Structure loading is allowlisted. By default, BioVoice reads demo inputs from examples/data/local, .runtime, and output; wider private folders require an explicit STRUCTURE_ALLOWED_PATHS entry in your local .env.
| Category | Supported today | Not supported yet |
|---|---|---|
| Live voice provider | OpenAI Realtime API | Anthropic live voice, Gemini live voice, provider switching |
| Speech stack | Browser mic + OpenAI Realtime + configurable transcription model | Local/offline speech recognition and synthesis |
| Modes | Push-to-talk, always-on, offline rehearsal | Multi-provider voice routing |
| Targets | PyMOL, ChimeraX | Additional visualization targets |
| Platform convenience | macOS autolaunch | First-class Linux / Windows autolaunch |
- Your browser captures microphone audio
- The browser opens a WebRTC session to OpenAI Realtime
- The local backend manages tool registration, tool execution, state, logging, and target control
- PyMOL is controlled through XML-RPC and ChimeraX through REST
REALTIME_TRANSCRIPTION_MODELis configurable in.env- There is no alternate live voice provider path today
flowchart LR
User["Scientist with microphone"] --> Browser["Browser voice console"]
Browser --> OpenAI["OpenAI Realtime API"]
Browser -. session bootstrap .-> Server["Local BioVoice backend"]
Server --> OpenAI
Server --> PyMOL["PyMOL (XML-RPC)"]
Server --> ChimeraX["ChimeraX (REST)"]
Server --> LocalFiles["Local structures, maps, exports, and logs"]
For deeper detail, including the privacy boundary and support matrix, see Architecture and Provider Support.
When you speak, the browser streams audio over WebRTC to OpenAI Realtime. The model decides which of the registered function tools to call and emits a structured JSON payload. The BioVoice backend validates it, routes it to the right target adapter (PyMOL XML-RPC or ChimeraX REST), executes it, and streams the result back into the session context so the model can pick the next action.
Here is the real run_scientific_workflow tool definition from packages/runtime-and-adapters/src/realtime/tool-definitions.ts:
{
type: "function",
name: "run_scientific_workflow",
description:
"Run a domain-level AlphaFold or Rosetta workflow and compile it into " +
"the existing PyMOL or ChimeraX action wrappers. Prefer this for task-level " +
"requests such as AlphaFold confidence review, prediction-vs-experiment " +
"overlay, multimer interface triage, PAE-guided uncertainty review, cryo " +
"handoff, Rosetta scaffold-versus-design review, scorefile-ranked " +
"top-design compare, interface packing review, or ligand redesign review.",
parameters: {
type: "object",
properties: {
target: { type: "string", enum: ["pymol", "chimerax"] },
workflow: {
type: "string",
enum: [
"alphafold_confidence_review",
"alphafold_vs_experiment_overlay",
"alphafold_multimer_interface_review",
"alphafold_pae_guided_triage",
"alphafold_to_cryo_handoff",
"rosetta_scaffold_design_review",
"rosetta_interface_packing_review",
"rosetta_ligand_redesign_review",
"rosetta_top_design_compare",
],
},
inputs: { oneOf: [alphaFoldInputsSchema, rosettaInputsSchema] },
presentationMode: { type: "string", enum: ["analysis", "demo", "publication"] },
export: scientificWorkflowExportSchema,
dryRun: { type: "boolean" },
summary: { type: "string" },
recipeId: { type: "string" },
},
required: ["target", "workflow", "inputs"],
additionalProperties: false,
},
}The model never types raw PyMOL or ChimeraX commands. It picks a workflow ID, the backend compiles it into structured per-target actions, and the adapters execute them. This keeps the conversation robust against command rot, hallucinated syntax, and app-version drift — the three biggest failure modes for naive tool calling against scientific software.

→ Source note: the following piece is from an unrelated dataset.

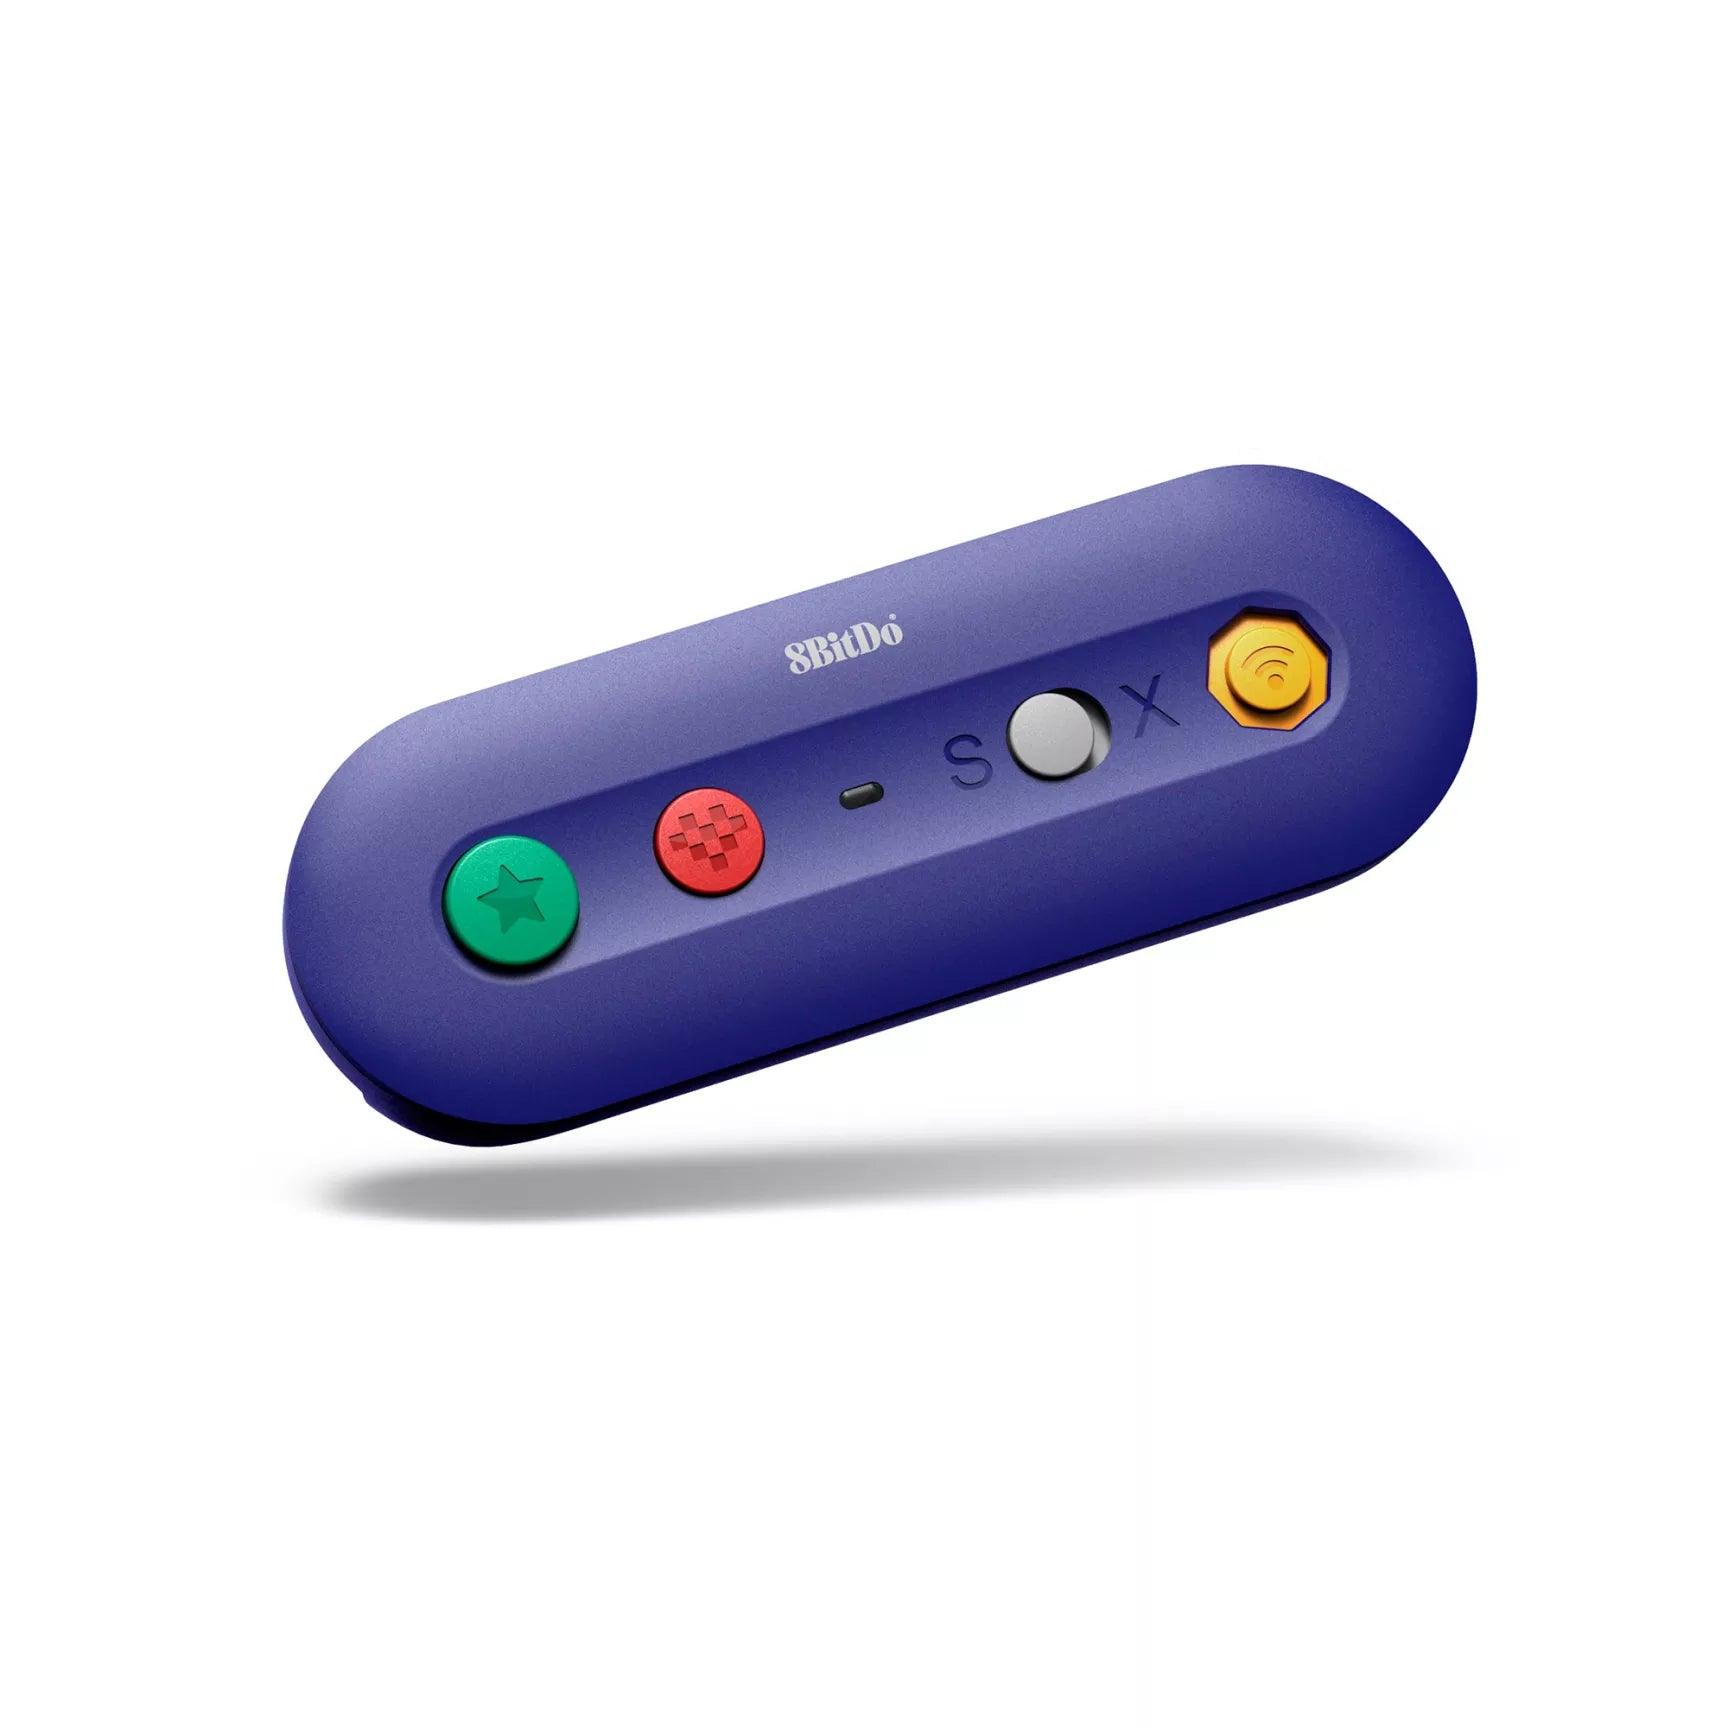 8BitDo GBros Wireless Adapter for NES SNES SF-C Classic Edition Wii Classic for Nintendo Switch Gamecube - 8bitdo

Read the full pattern in How Tool Calling Works: tool registration, selector design, get_target_state grounding, dry-run mode, error handling, session policies, and how AlphaFold / Rosetta workflows compile down to adapter calls.

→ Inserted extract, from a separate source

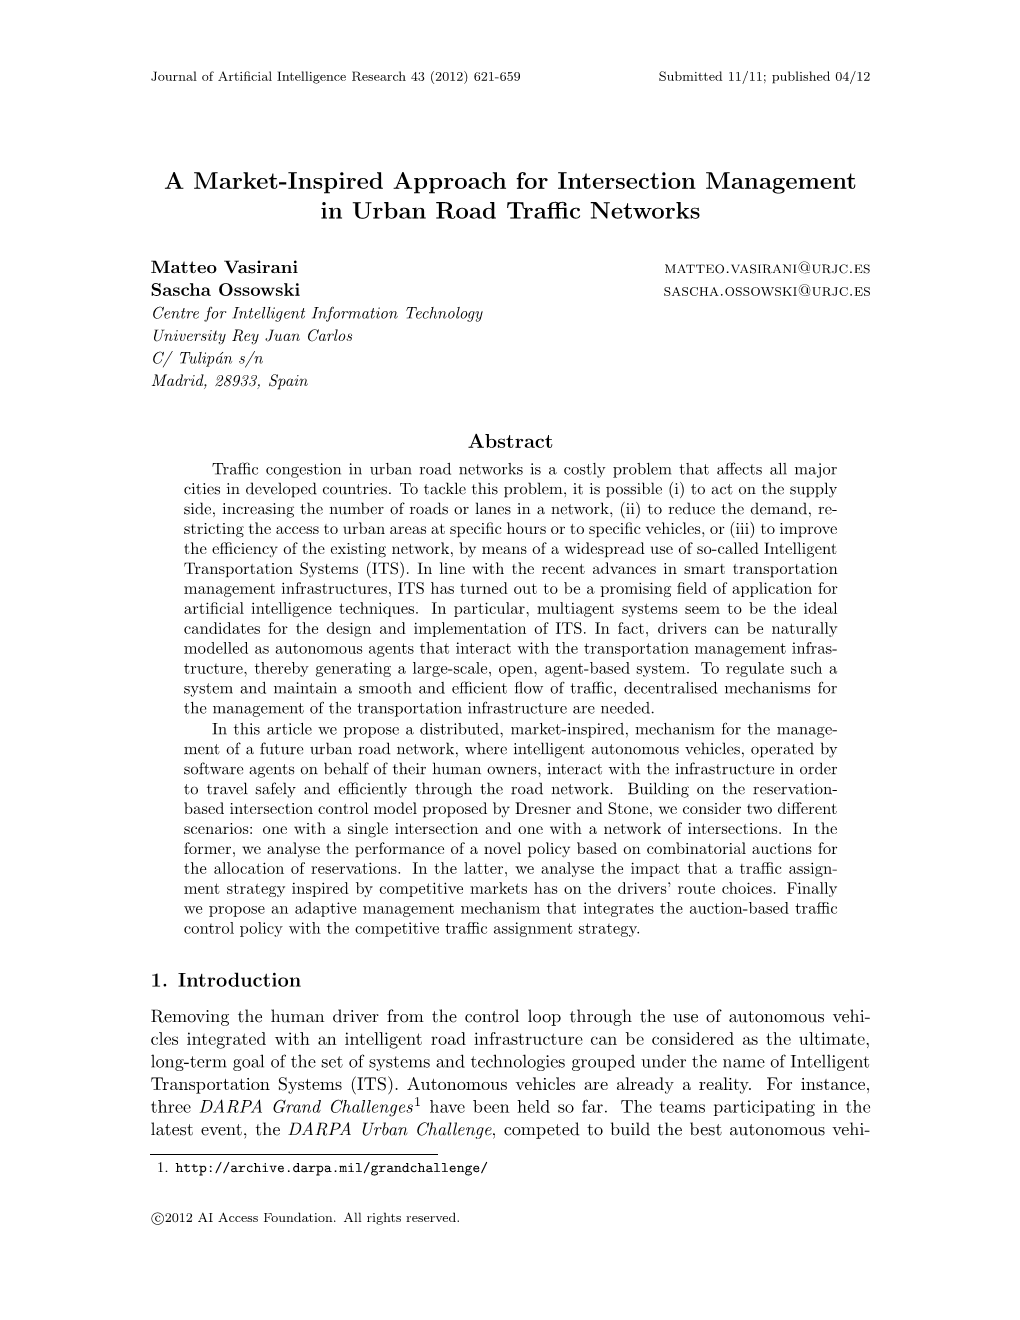 A Market-Inspired Approach for Intersection Management in Urban Road Traffic Networks

BioVoice may grow toward additional voice backends later, but that is an architecture direction, not current compatibility. The current implementation, testing, and documentation all assume OpenAI Realtime for live voice.
- Getting Started: install, prepare demo data, and choose a first workflow
- First Live Session: safest first mic-enabled walkthrough
- How Tool Calling Works: developer-audience deep dive on the Realtime function-tool surface
- AlphaFold Tutorial: overlay and confidence-oriented workflow entry point
- Rosetta Tutorial: scaffold-versus-design and interface review entry point
- Ligand Pocket Tutorial: first polished presentation workflow
- Cryo-EM Tutorial: map and model walkthrough
- Examples Library: generated recipe-by-recipe references
- Scientific Workflows Catalog: task-first AlphaFold and Rosetta launch guide
- Tool Playbooks: the atomic action surface the model can call
npm run typecheck
npm test
npm run release:check
npm run build
npm run check
npm run verify:examples
npm run verify:showcasesUseful direct checks:
# Health check when the server is running
curl -s http://localhost:3000/api/health | jq '.appId, .serverMode, .pid'
# Run a recipe without voice
curl -s http://localhost:3000/api/recipes/pymol-binding-pocket-story/run \
-H 'content-type: application/json' -d '{"target":"pymol"}' | jqBioVoice is a self-hosted research prototype that lets you control PyMOL and ChimeraX with natural-language voice commands, guided workflows, and structured tool execution. The backend runs on your machine; live voice uses the OpenAI Realtime API.
Yes. Use offline rehearsal mode to start the server, inspect the UI, dry-run workflows, and run non-voice recipe routes without live voice.
OpenAI Realtime only. That is the only validated live voice provider in the codebase and the docs.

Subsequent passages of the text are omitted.